Op veel percelen langs oppervlaktewater en waterkeringen wordt vee gehouden. Vaak bedrijfsmatig en soms kleinschalig: bijvoorbeeld iemand die als hobby een paar schapen of ander vee houdt. Het vee kan de slootkanten vertrappen, wat nadelig is voor het watersysteem.

Toelichting op afdeling 5.2: Vee houden algemeen

Toelichting op artikel 5.2: Afrastering groot vee bij waterkering

Met groot vee bedoelt Rijnland paarden en runderen. Daarbij horen ook de nog niet volwassen dieren, dus veulens, kalfjes en pinken. Soms wordt groot vee gehouden op een waterkering of in de kernzone en beschermingszone van een waterkering. Dat groot vee kan de waterkering beschadigen. Een goede afrastering voorkomt die schade. Een afrastering is bijvoorbeeld een hek, een muurtje of schrikdraad.

Toelichting op afdeling 5.3: Vergunning

Toelichting op paragraaf 5.3.1: Wanneer is een vergunning nodig
Toelichting op artikel 5.3: Vee houden in een waardevolle oever

Met vee bedoelt Rijnland de landbouwdieren runderen, paarden, schapen en geiten. Vee vertrapt de planten in een waardevolle oever en eet ze op. Dit wil Rijnland voorkomen. Rijnland heeft als uitgangspunt dat vee niet in een waardevolle oever mag komen. Alleen in heel bijzondere gevallen vindt Rijnland dit wel goed. Daarom is een vergunning nodig voor het houden van vee in een waardevolle oever.

Toelichting op artikel 5.4: Grootvee houden in de zeewering

Met groot vee bedoelt Rijnland paarden en koeien. Daarbij horen ook de nog niet volwassen dieren, dus veulens, kalfjes en pinken.

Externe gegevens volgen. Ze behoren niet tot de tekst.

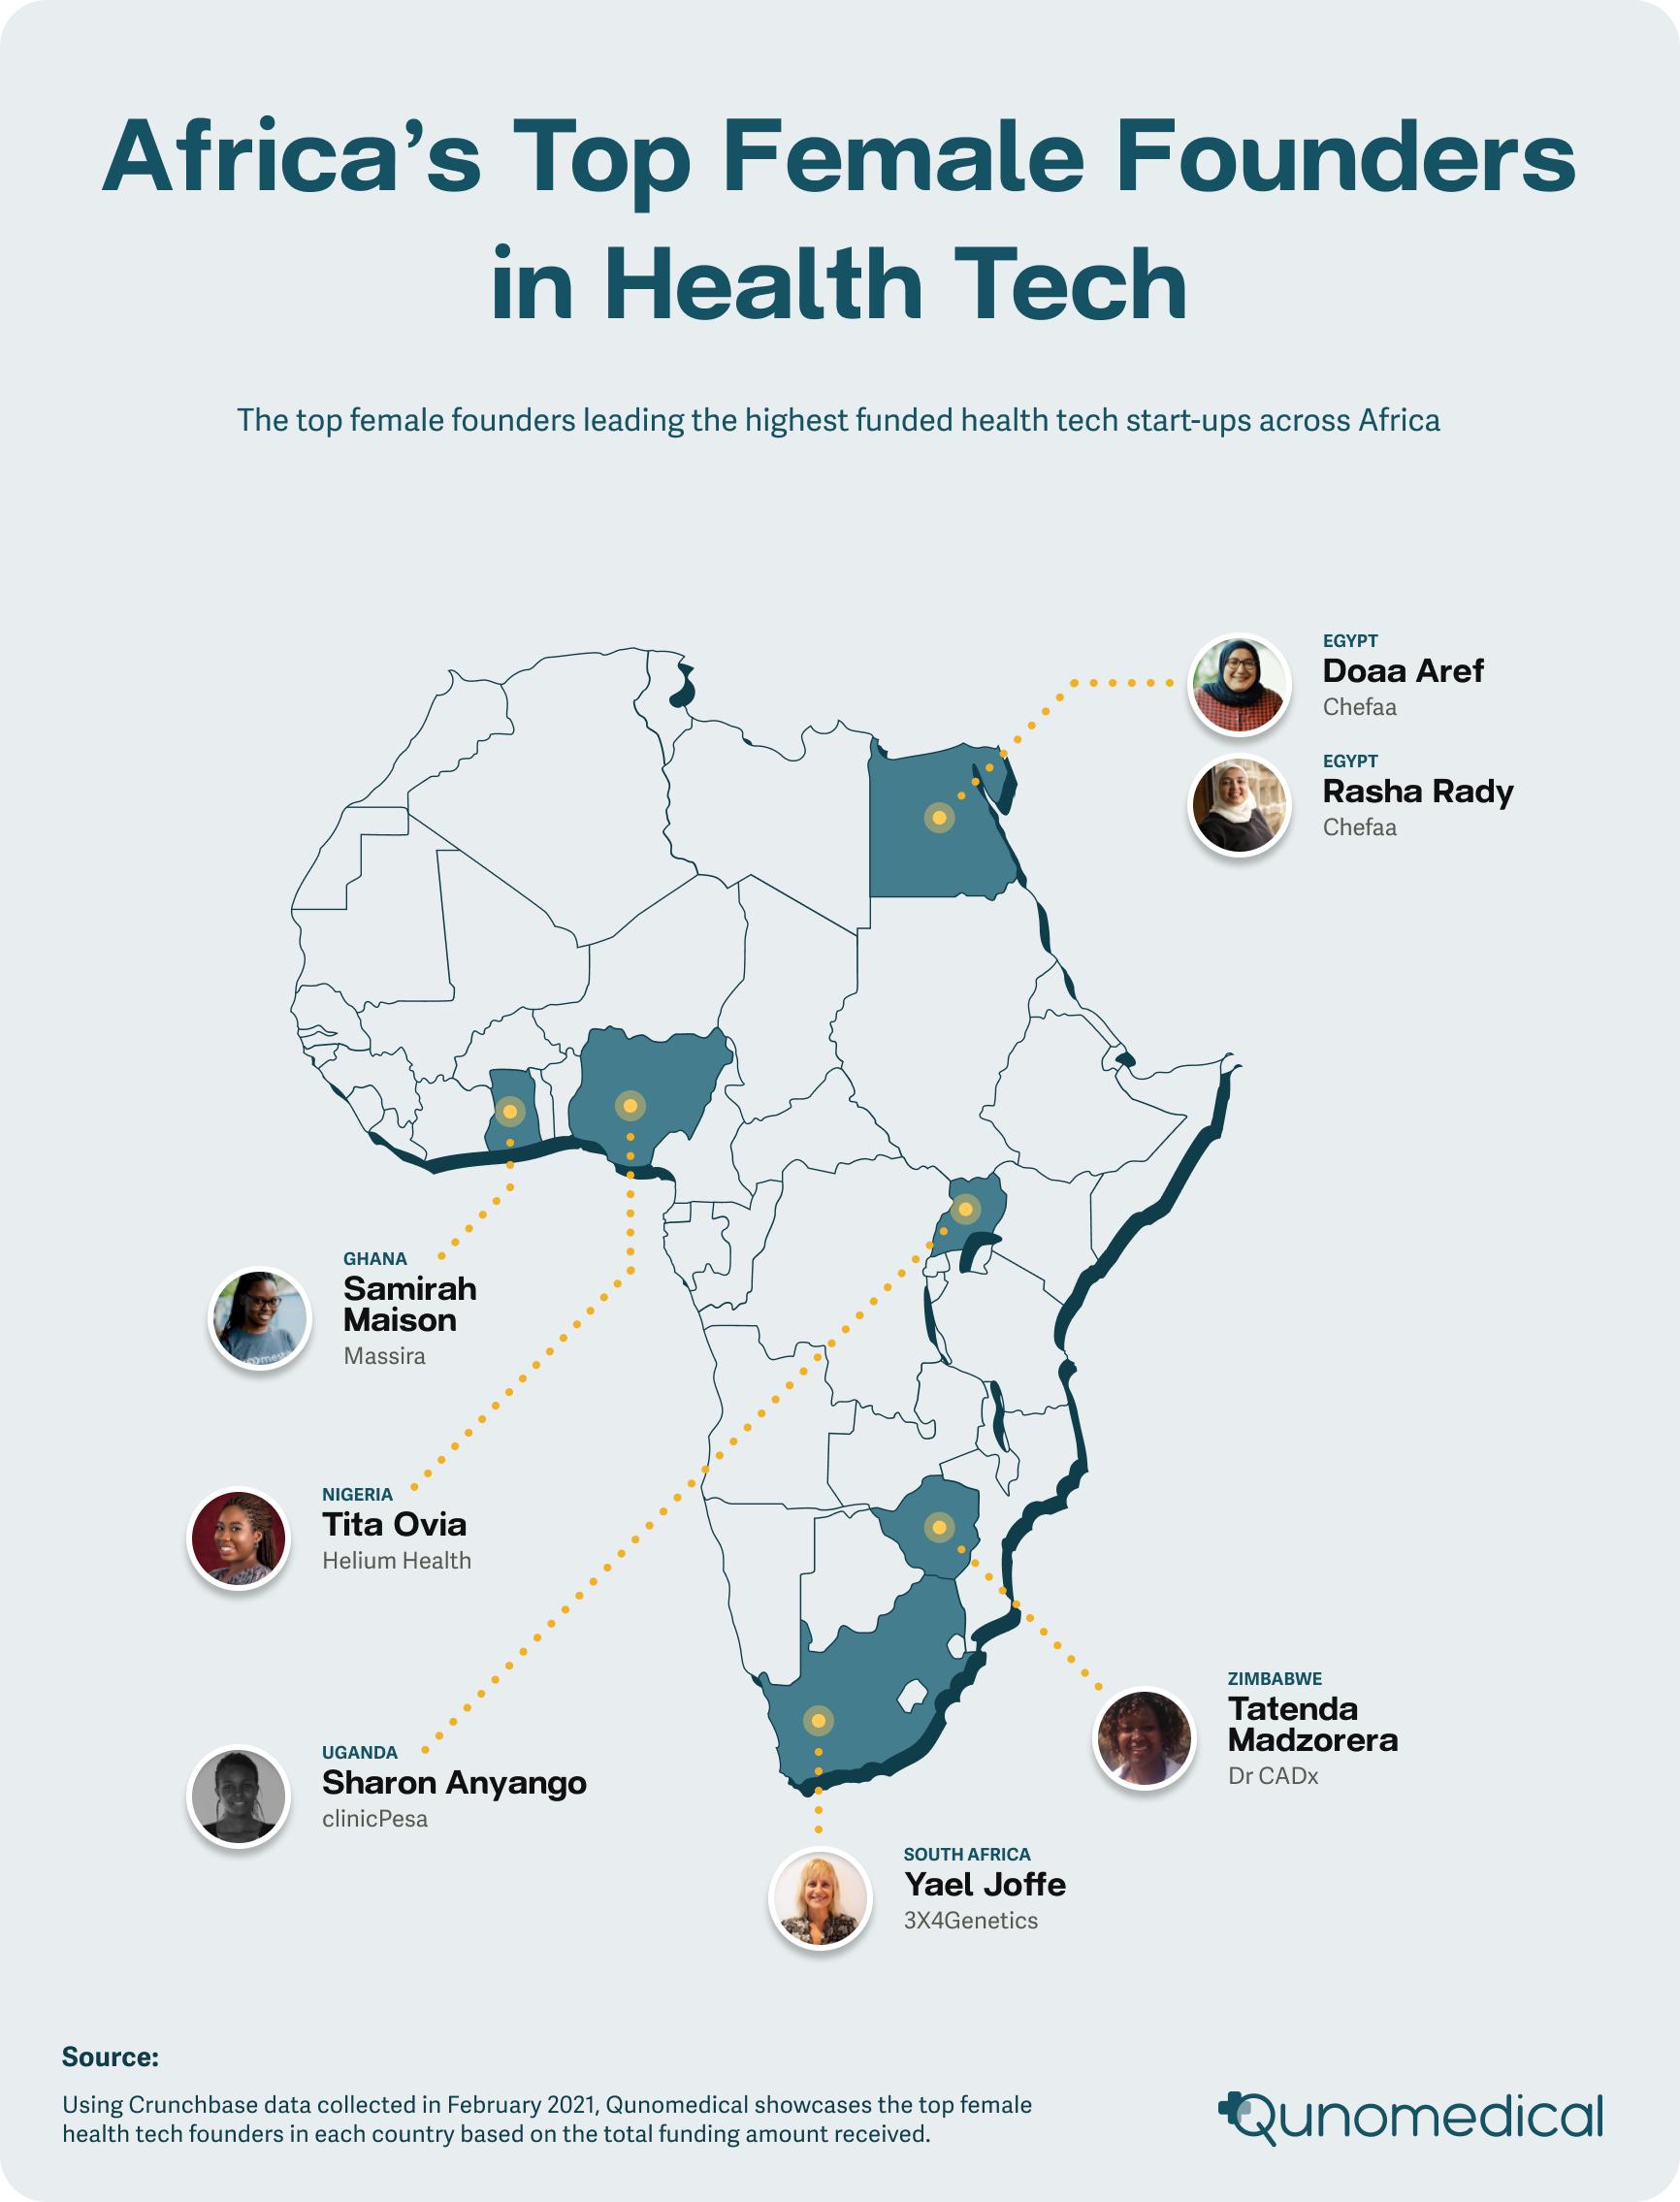 With a total of 23 health tech start-ups with at least one female founder, figures across the continent are steadily rising. Nigeria and South Africa both hold the top spot for hosting the majority of the start-ups.

Groot vee kan de zeewering beschadigen. Vooral het begrazen van helmgras is een probleem. Als het helmgras verdwijnt, kan het zand wegwaaien. Daarom vindt Rijnland het niet goed als er overal op de zeewering groot vee wordt gehouden. In de dynamische gebieden is dat geen probleem. De dynamische gebieden zijn de gebieden langs de Rijnlandse kust waar het niet zo belangrijk is om het zand op die plek vast te houden. Het zand mag hier verspreiden. Maar buiten die dynamische gebieden kan het houden van groot vee wel een probleem zijn. Daarom is een vergunning nodig voor het houden van groot vee buiten de dynamische gebieden.

Iemand heeft geen vergunning nodig om met een paard door de duinen te rijden.

Toelichting op paragraaf 5.3.2: Beoordelen van de vergunningaanvraag
Toelichting op artikel 5.5: Beoordelen van de vergunningaanvraag

De artikelen gebruikt Rijnland om een vergunningaanvraag te beoordelen. Voldoet een vergunningaanvraag hieraan, dan verleent Rijnland de vergunning.

Toelichting op artikel 5.6: Vee houden in een waardevolle oever

Met vee bedoelt Rijnland de landbouwdieren runderen, paarden, schapen en geiten.

Rijnland wil eigenlijk geen vee in een waardevolle oever. Alleen voor natuurbeheer binnen een aangewezen natuurgebied zal Rijnland soms een vergunning verlenen.

Toelichting op artikel 5.7: Grootvee houden in de zeewering

Met groot vee bedoelt Rijnland paarden en koeien. Daarbij horen ook de nog niet volwassen dieren, dus veulens, kalfjes en pinken.

Het is belangrijk dat er voldoende helmgras groeit in de niet dynamische kustgebieden. Uit een proef met beweiding in de duinen blijkt dat groot vee helmgras eet. Daarom vindt Rijnland het houden van groot vee in deze gebieden niet goed. Alleen in bijzondere situaties zal Rijnland hiervoor een vergunning verlenen.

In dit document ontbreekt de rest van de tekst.